Before you decide about registration for VAT, you should decide what is the most appropriate legal status. You can be a sole trader, or partnership; or you can set up a limited company, or other corporate body. It is really a decision to be made with your Accountant, or other adviser.
When you can be registered for VAT
If you only make ‘exempt’ supplies then you cannot register for VAT. This category covers health & welfare, education, finance, insurance. Since you cannot register for VAT, you cannot claim VAT, and VAT becomes a cost to your business.
When you have to register for VAT
If you make ‘taxable’ supplies (ie: supplies which are not exempt), then you are required to be registered in your turnover in any 12 consecutive months exceeds the registration threshold. This is currently £85,000. This rule also applies if you take over a business from someone else. If you fail to register on time, you will be liable to a penalty. As a rule-of-thumb, the penalty is 30% of the net VAT due up to the date you told HMRC you were liable to be registered.
When you choose to register for VAT
If your turnover is below the registration threshold, you can apply for voluntary registration. If your customers are mainly in business, and therefore able to recover VAT, this is a potentially beneficial option.
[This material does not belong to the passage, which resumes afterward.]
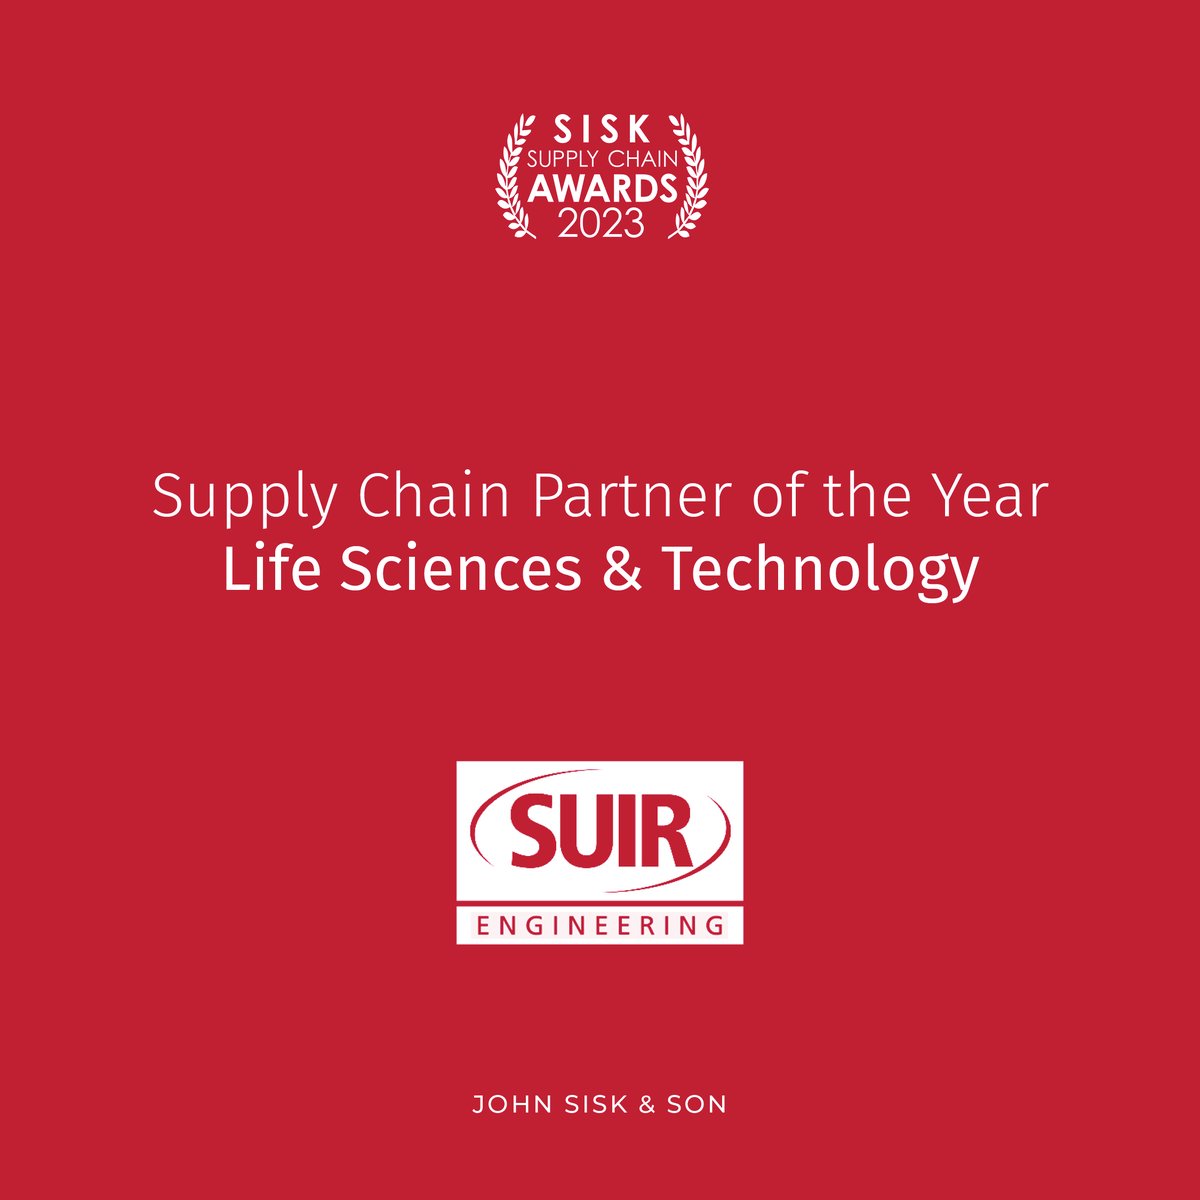 A sure thing… Suir Engineering are our winners in the ‘Supply Chain Partner of the Year – Life Sciences & Technology’ category. Well done to all the Suir Engineering team! #BuiltBySisk

When you run more than one business
If you operate more than one business, the turnover of all of them will be added together to determine if you need to register for VAT. You may be able to set up, for example, separate limited companies. Do be careful, as there are rules that prevent artificial separation in such circumstances.
The procedure is entirely online, which can result in speedy receipt of a VAT number. You will need to provide personal details (name, address, date of birth, national insurance number), as well as details of the business itself.
Usually, VAT Returns are required to be submitted quarterly. You can select the quarter ends, usually to coincide with your financial year end. If you regularly receive repayments from HMRC, you can apply for monthly Returns. This will help with cashflow.
For some businesses, an annual VAT Return is appropriate (Annual Accounting Scheme). If you submit or pay Returns late, you will become subject to the Default Surcharge. This is a penalty of up to 15% of the VAT on the Return, or the VAT unpaid. It serves as an encouragement to be timely with your Returns.
Errors on Returns
There is a further penalty for an error made on Returns. Most errors are deemed to be ‘careless,’ and the penalty is calculated at 30% of the net error. The penalty is reduced if the taxpayer notifies it to HMRC without waiting for the VAT Man to find it!
Disclaimer: these articles are brief introductory comments on some areas of Tax, You will appreciate that whilst every effort is taken to ensure accuracy, your own circumstances may be sufficiently different, such that the Tax outcome is not the same. Therefore please do not rely on the article as ‘professional advice.’ In all cases it is recommended that you seek advice applicable to your own situation.